Clinical trials are too seldom directed at the real interests and concerns of patients and healthcare professionals, a meeting heard this week.
One example given by Dr David Tovey, editorial director for BMJ Knowledge, at the conference in London organised by the James Lind Alliance and The Lancet was the proliferation of clinical trials comparing Pfizer’s erectile dysfunction drug, Viagra (sildenafil citrate), with placebo.
An analysis published by BMJ Clinical Evidence in March 2006 found one systematic review of sildenafil versus placebo (2000), which included 27 randomised controlled trials (RCTs), as well as 23 further RCTs on the same subject. The performance of Viagra against placebo was “not a question that anyone is seriously asking anymore,” Tovey commented.
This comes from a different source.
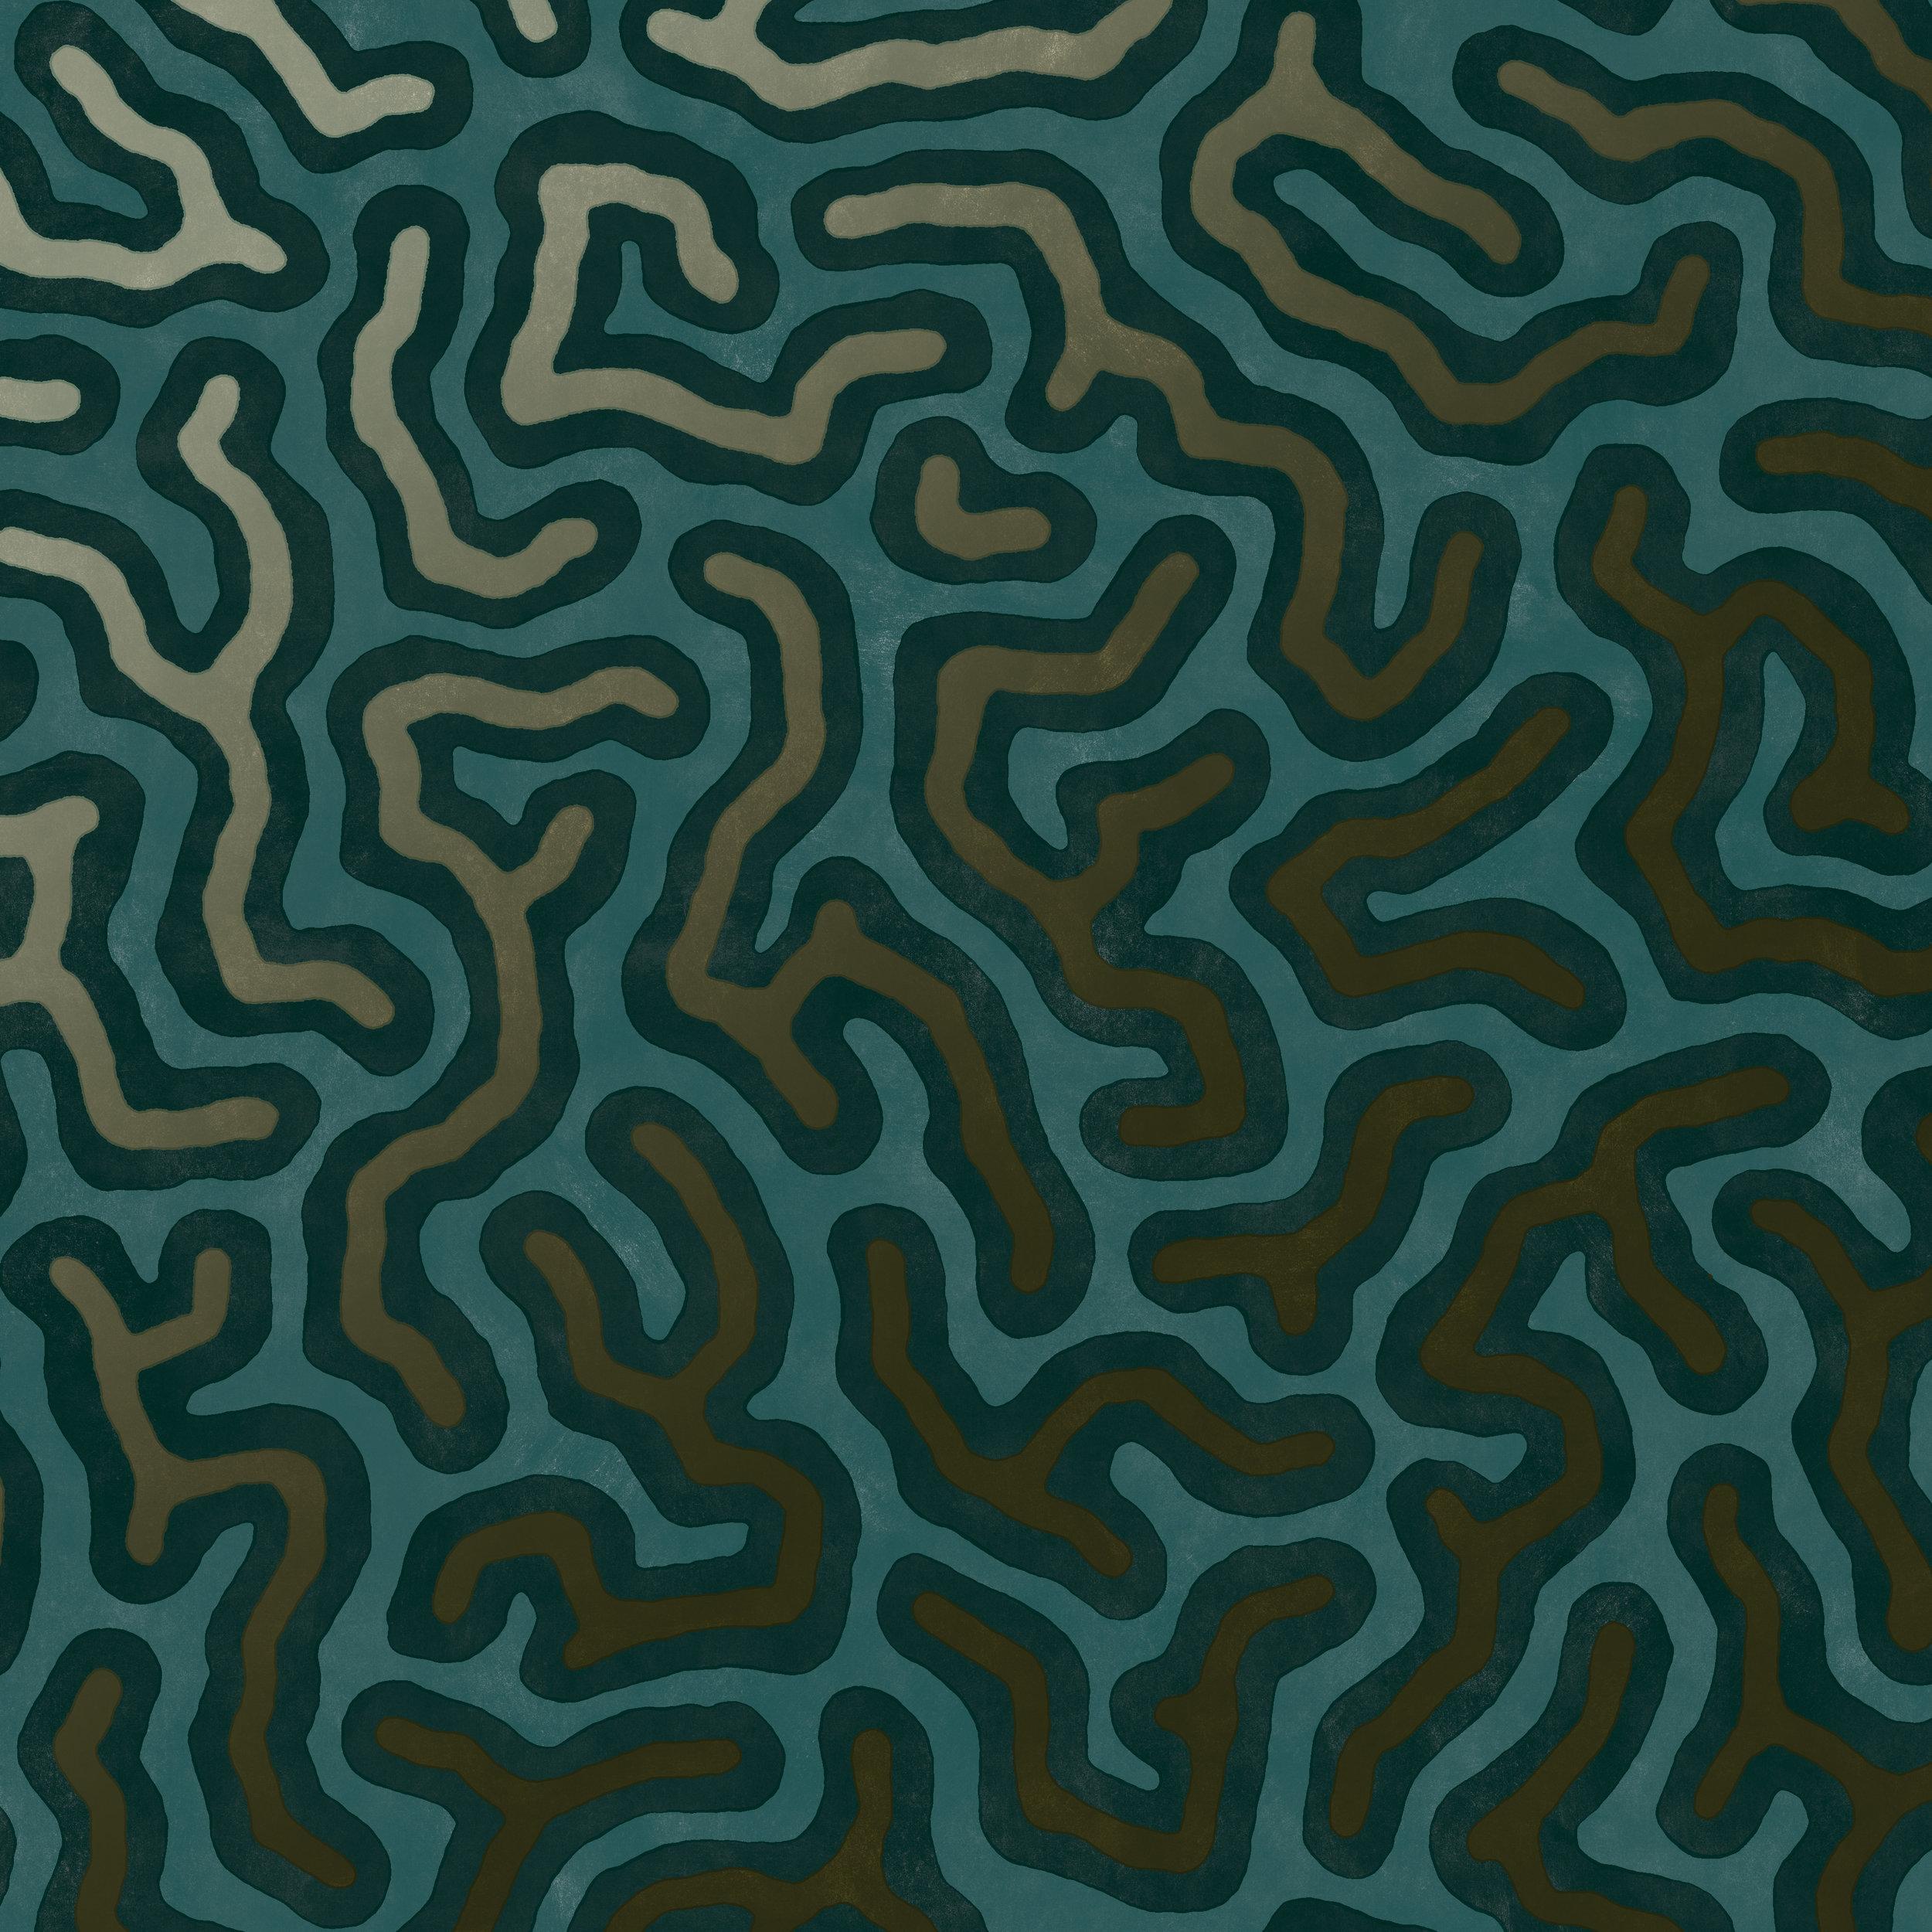 Atoll_Colorway12_DETAIL_WEB.jpg

There were many more instances of misdirected clinical research in less specialised therapy areas than erectile dysfunction. The James Lind Alliance, which promotes public and professional awareness of uncertainties about treatment effects, has been consulting with patients and clinicians with the aim of identifying treatment uncertainties and setting research priorities for asthma.
As Sir Ian Chalmers, co-ordinator of the Database of Uncertainties about the Effects of Treatment, told the conference that, out of more than 200 questions submitted to the James Lind Alliance by asthma patients and their carers, more than 100 addressed the long-term effects of steroids and other treatments. Yet there were no robust clinical data available on this topic, he pointed out.
One fundamental problem with asthma trials was that they tended to be conducted in the wrong setting, Sir Ian noted. Most studies took place in hospitals and not in primary care, where the vast majority of patients were treated.
The pitfalls of extrapolating from one setting to another can also cloud clinical judgment on a pan-national scale. Tovey cited a systematic review by the BMJ last year of HIV/AIDS management in resource-poor countries.
It found that treatment models were being exported directly from resource-rich nations such as the United States, where HIV/AIDS largely afflicted gay men or intravenous drug users and there were few complications with co-morbidities such as malaria. In poorer countries, by contrast, AIDS/HIV was largely a heterosexual condition that was exacerbated by local factors such as endemic malaria and lack of a health infrastructure.
Other hinderances to real-world clinical research included setting parameters too broadly. For example, the BMJ had conducted an as yet unpublished review of heart failure and diabetes, and had found hardly any studies addressing heart failure in diabetics. There was, however, plenty of evidence on heart failure in sub-sets of diabetics.
Another problem was too stringent exclusion criteria. In a study of ‘wait-and-see” prescribing for the treatment of otitis media in the Journal of the American Medical Association, 776 people were found to be eligible for the trial yet nearly 500 of these (notably children) were left out of the analysis.
Some interventions were simply under-researched, such as the role of antidepressants in post-natal depression, Tovey told the conference. Or the interventions were poorly defined: what, for example, constituted “exercise” in the context of low back pain? There were also too few trials comparing drug with non-drug interventions. And in most trials the harm caused by treatment interventions was “really poorly” represented compared with the corresponding benefits. In practice, though, a prescribing decision was always a trade off between benefit and harm.
The key question for physicians, Tovey commented, was how much the patient in the study resembled the patient in front of them. This was about defining the right (representative) patient populations, identifying the right questions to be addressed, conducting systematic reviews and targeting outcomes that were important and meaningful to patients, such as fractures rather than bone mineral density.
The pharmaceutical industry contributed to the perception and communication gaps between researchers, clinicians and patients by selecting patients for clinical trials who would derive the maximum benefit from their therapy, argued Stephen Holgate, MRC Clinical Professor of Immunopharmacology at the University of Southampton.
Clinical trial patients accounted for around 2% of the real-world asthma population and the selection criteria were so strict that they left only a “fraction” of asthma patients eligible for study participation, he said.